From the example you gave about efi_esrt_init(), the naming of efi memmap 
related functions does look messy to me now.. and yes, a namespace clean up 
might be good.

Regards,
Sai
Sai Praneeth Prakhya - Dec. 5, 2018, 7:32 p.m.
> > -static void __init efi_clean_memmap(void)

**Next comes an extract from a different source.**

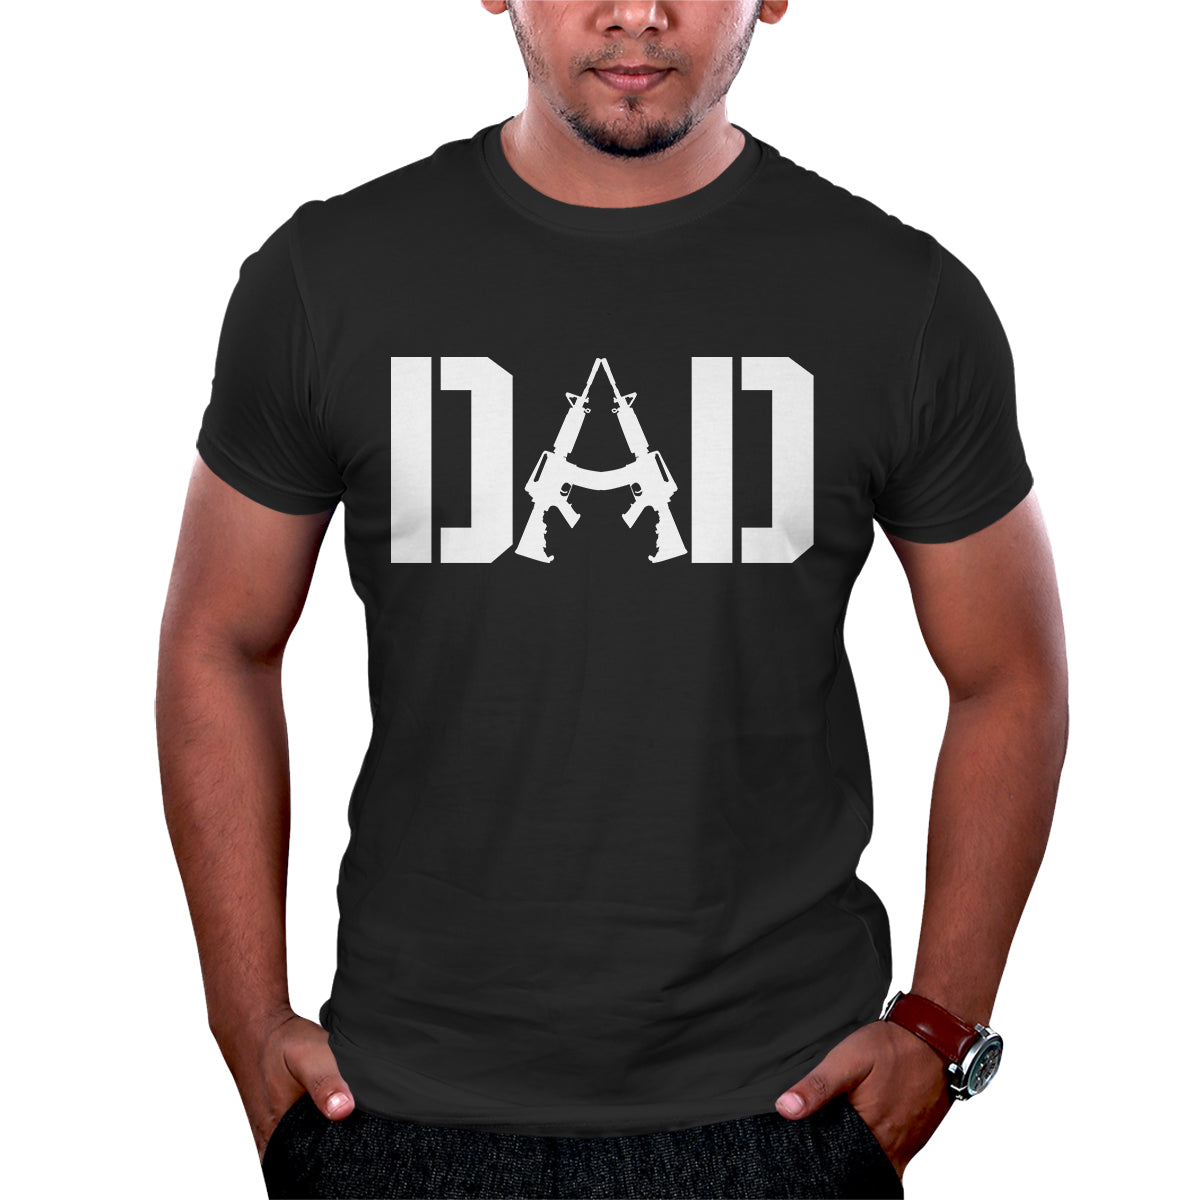 2A Dad T-Shirt Small

> > +void __init efi_clean_memmap(void)

> >   {

> > -	efi_memory_desc_t *out = efi.memmap.map;

> > -	const efi_memory_desc_t *in = out;

> > -	const efi_memory_desc_t *end = efi.memmap.map_end;

> > -	int i, n_removal;

> > -

> > -	for (i = n_removal = 0; in < end; i++) {

> > -		if (efi_memmap_entry_valid(in, i)) {

> > -			if (out != in)

> > -				memcpy(out, in, efi.memmap.desc_size);

> > -			out = (void *)out + efi.memmap.desc_size;

> > -		} else {

> > +	void *out;

> > +	efi_memory_desc_t *md;

> > +	unsigned int i = 0, n_removal = 0;

> 

> Perhaps we can use 'unsigned int i = n_removal = 0;', which appears more

> readable.


Hmm.. that actually throws an compilation error saying that "n_removal is undeclared".
So, let's stick with unsigned int i = 0, n_removal = 0;

> 

> > +	struct efi_memory_map new_memmap;

> > +

> > +	for_each_efi_memory_desc(md) {

> > +		if (!efi_memmap_entry_valid(md, i))

> >   			n_removal++;

> > -		}

> > -		in = (void *)in + efi.memmap.desc_size;

> >   	}

> >

> > -	if (n_removal > 0) {

> > -		u64 size = efi.memmap.nr_map - n_removal;

> > +	if (n_removal == 0)

> 

> and 'if (!n_removal)' above, to stay in sync with the rest of the code in this file.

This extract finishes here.